31.08.2016
HSS cuts loss on higher revenues
UK rental company HSS has reported its half year results, with revenues up 13 percent and a reduction in its pre-tax loss.
Total revenues for the period were £166.2 million, 13.5 percent higher than for the same period last year. Most of the growth came from the specialist businesses which includes UK Platforms, training and its One Call rehire/sourcing service. The company also managed to reduce its pre-tax losses from £14.1 million to £9.8 million.
Much of the loss is put down to exceptional or one off costs, including the expense of its new National Distribution and Engineering Centre which cost £5.9 million during the period, and other restructuring costs totalling £7.1 million. However at the same time it saved over £7 million in finance costs, in spite of a £20.6 million increase in net debt to £238.7 million.
Overall utilisation for the period increased by two percentage points to 50 percent, while utilisation in its specialist businesses, which includes UK Platforms jumped three percentage points to 76 percent helping boost revenues by 8.9 percent. The company is cutting its capital expenditure plans for the year to £40 to £45 million and says that the third quarter has started well and is ahead of the same period last year.
Chief executive John Gill said: “I am pleased to report strong revenue and underlying profit growth in the first half of the year reflecting the positive impact of our revised strategy. Customers are increasingly seeing HSS as a single source provider of tools, equipment and related services and our trading growth reflects this. Our focus on capital and operational efficiency shows through in our utilisation rates and our EBITA margin, both of which have continued to improve through the second quarter.”
“We are confident our new National Distribution and Engineering Centre will position us well for scale and volume growth and, combined with our e-commerce platform and national branch footprint, will further enhance our customer proposition by transforming availability within our sector. The Board believes we are well positioned to take advantage of, and continues to look for, opportunities to increase scale for the benefit of customers and shareholders.”
Vertikal Comment
While the bottom line and debt position are clearly not good news, the results do suggest that the company is making solid progress which should start to generate a positive bottom line by the start the new financial year. What is also clear is that those investors and analysts that believe a merger with Speedy will solve the problems of both companies, they may need to think again. Such a move would almost certainly prove to be a blessing for the competitors of both companies.

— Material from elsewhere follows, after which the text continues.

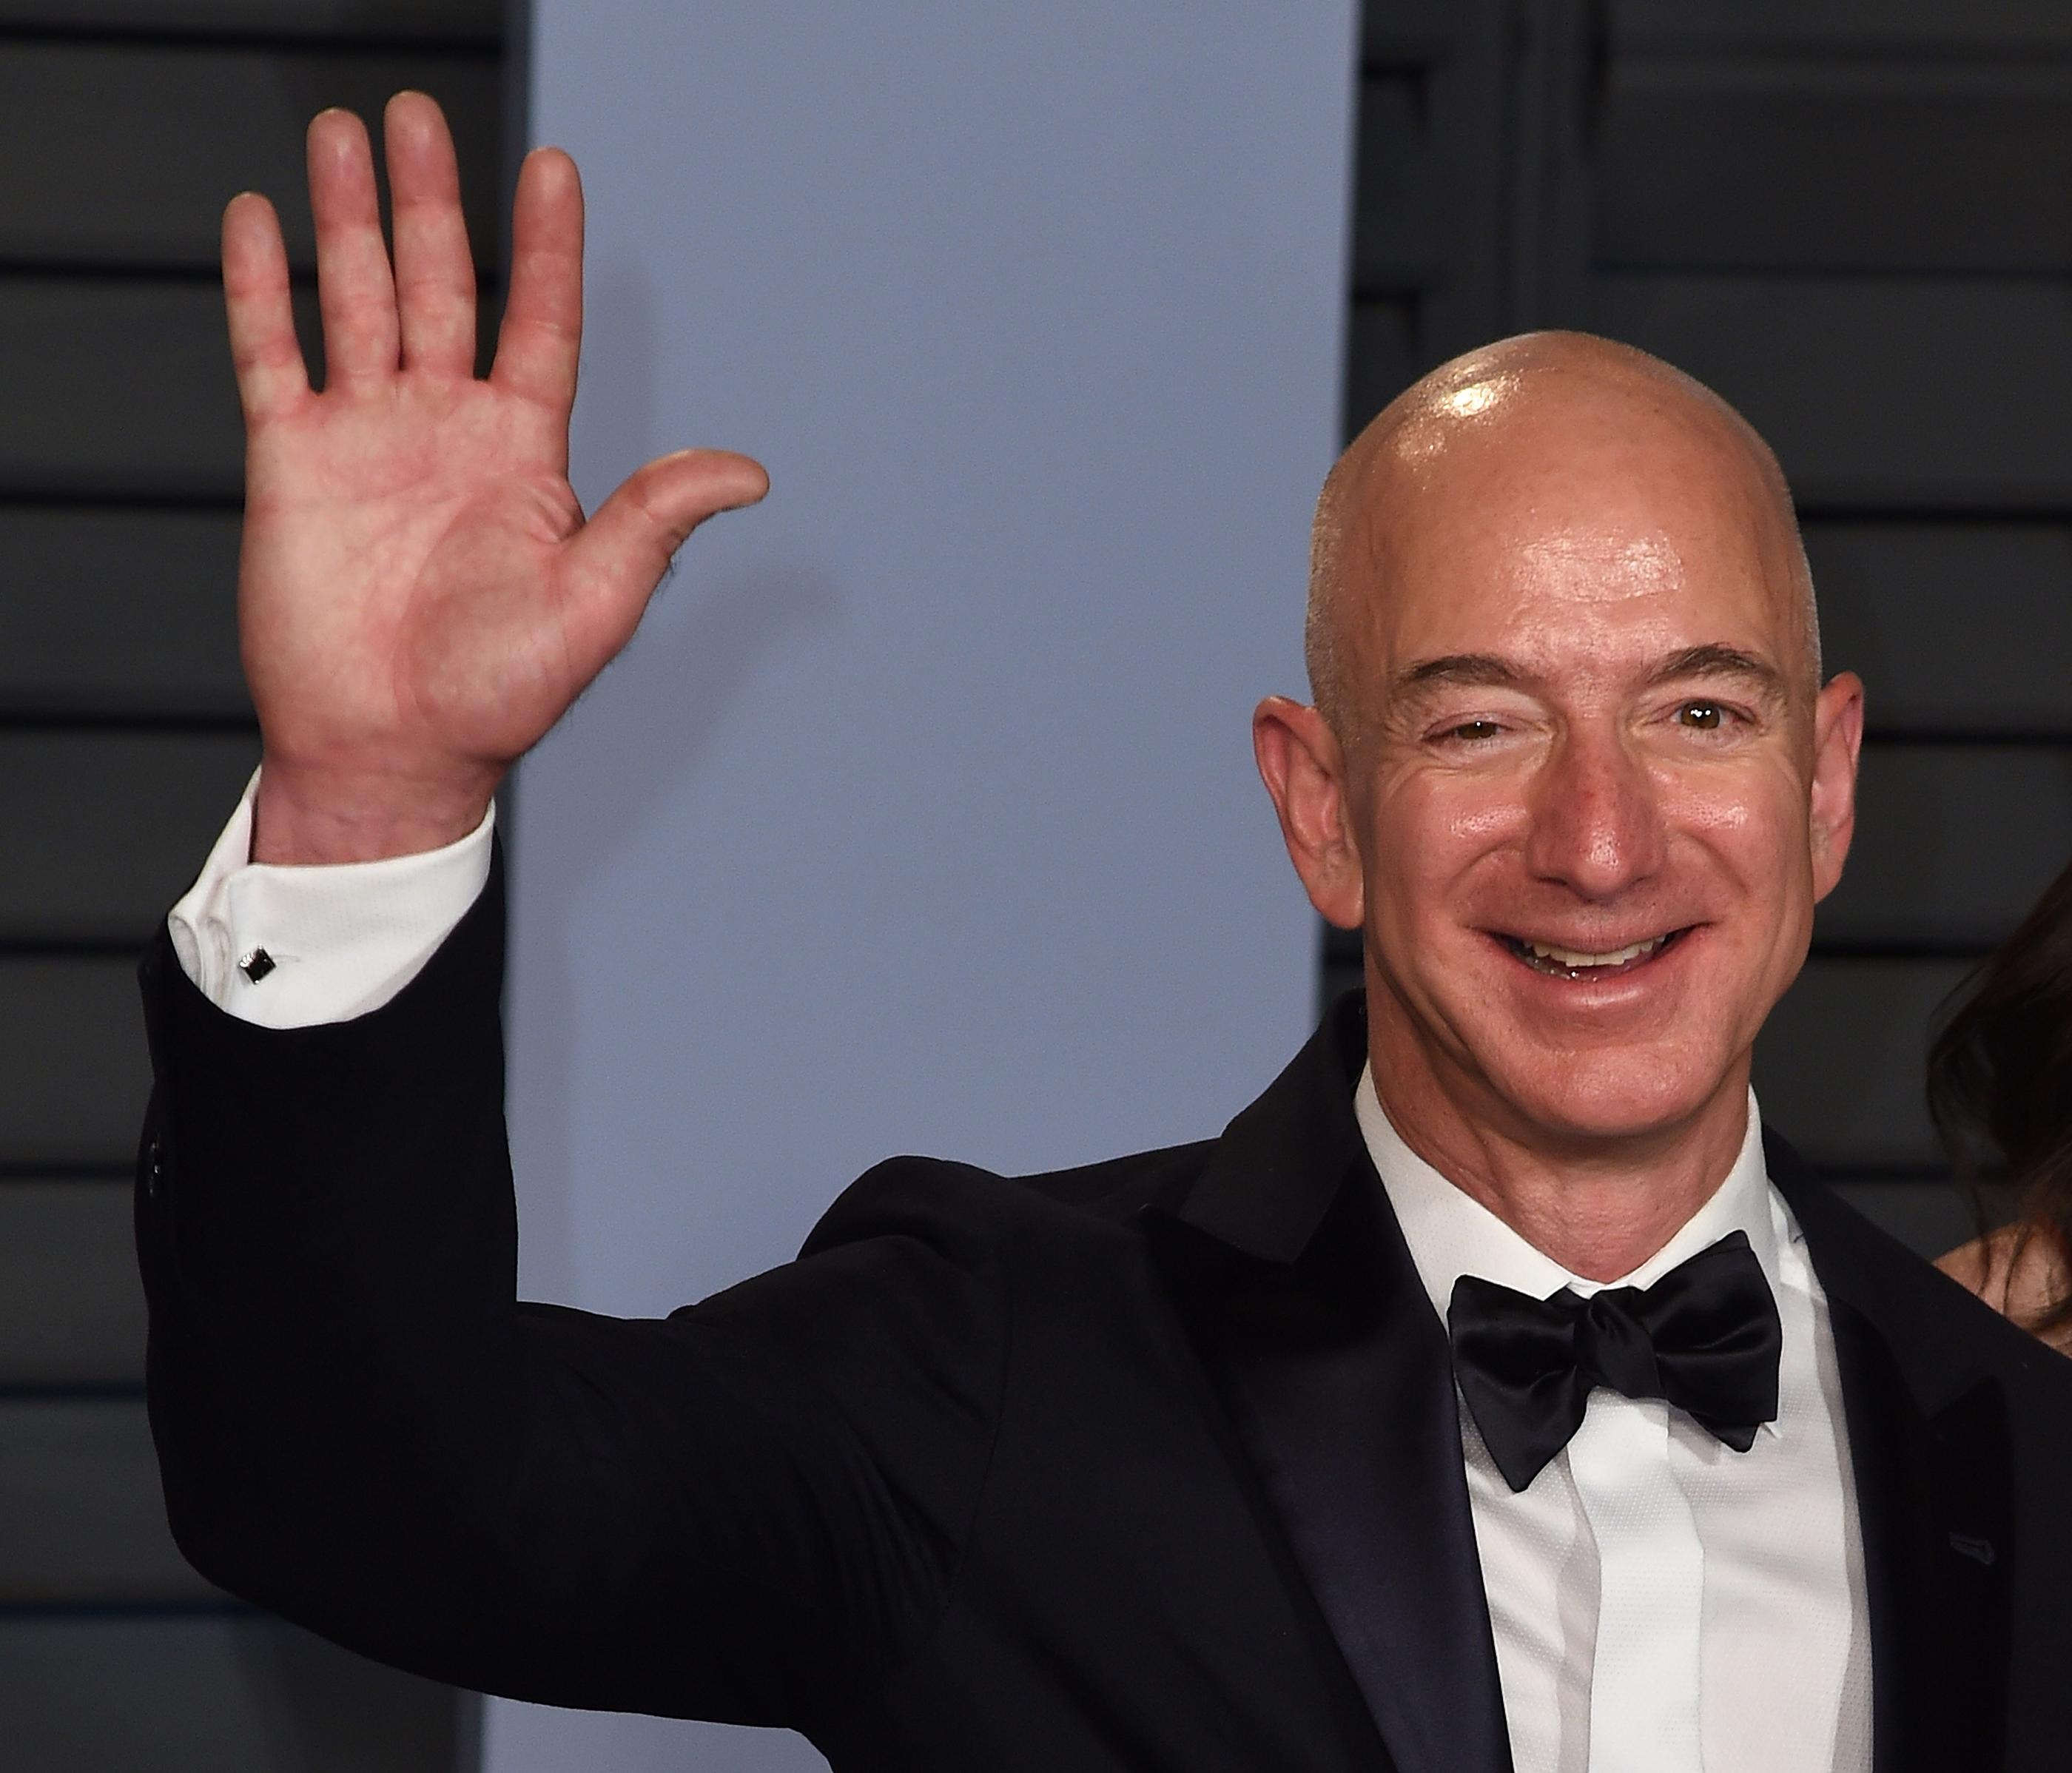 Jeff Bezos Makes The Median Amazon Salary Every 9 Seconds Money

Shareholders would do well to give HSS another six to 12 months to get sorted, if it can implement better pricing discipline and hold onto its higher revenues, it could post a reasonably positive 2017. It will need to keep an eye on the age of its fleet though. It needs to be spending around £65 million to keep its average age at a realistic and profitable level.
Emperors new clothes
Could these comments be the greatest rivalry unfolding since Ernie (the fastest milkman in the west) and two ton Ted from Teddington who drove the bakers van?
For those too young to remember watch the following
https://m.youtube.com/watch?v=8e1xvyTdBZI
VincentLift
The milk floataction has upgraded and now post pointless waffle while selling flavoured milk.. How many more boring comments trying to sell this out of date milk float?!?!
It will be interesting to see how the Distribution and Engineering Centre will perform. Again, rates and service levels are crucial. If the ROI numbers don't meet expectations then the utilisation question could become null and void. National coverage whilst maintaining the highest service standards will be their battle as Regional players show their local knowledge and strength. Achieving Hire good Hire rates ?????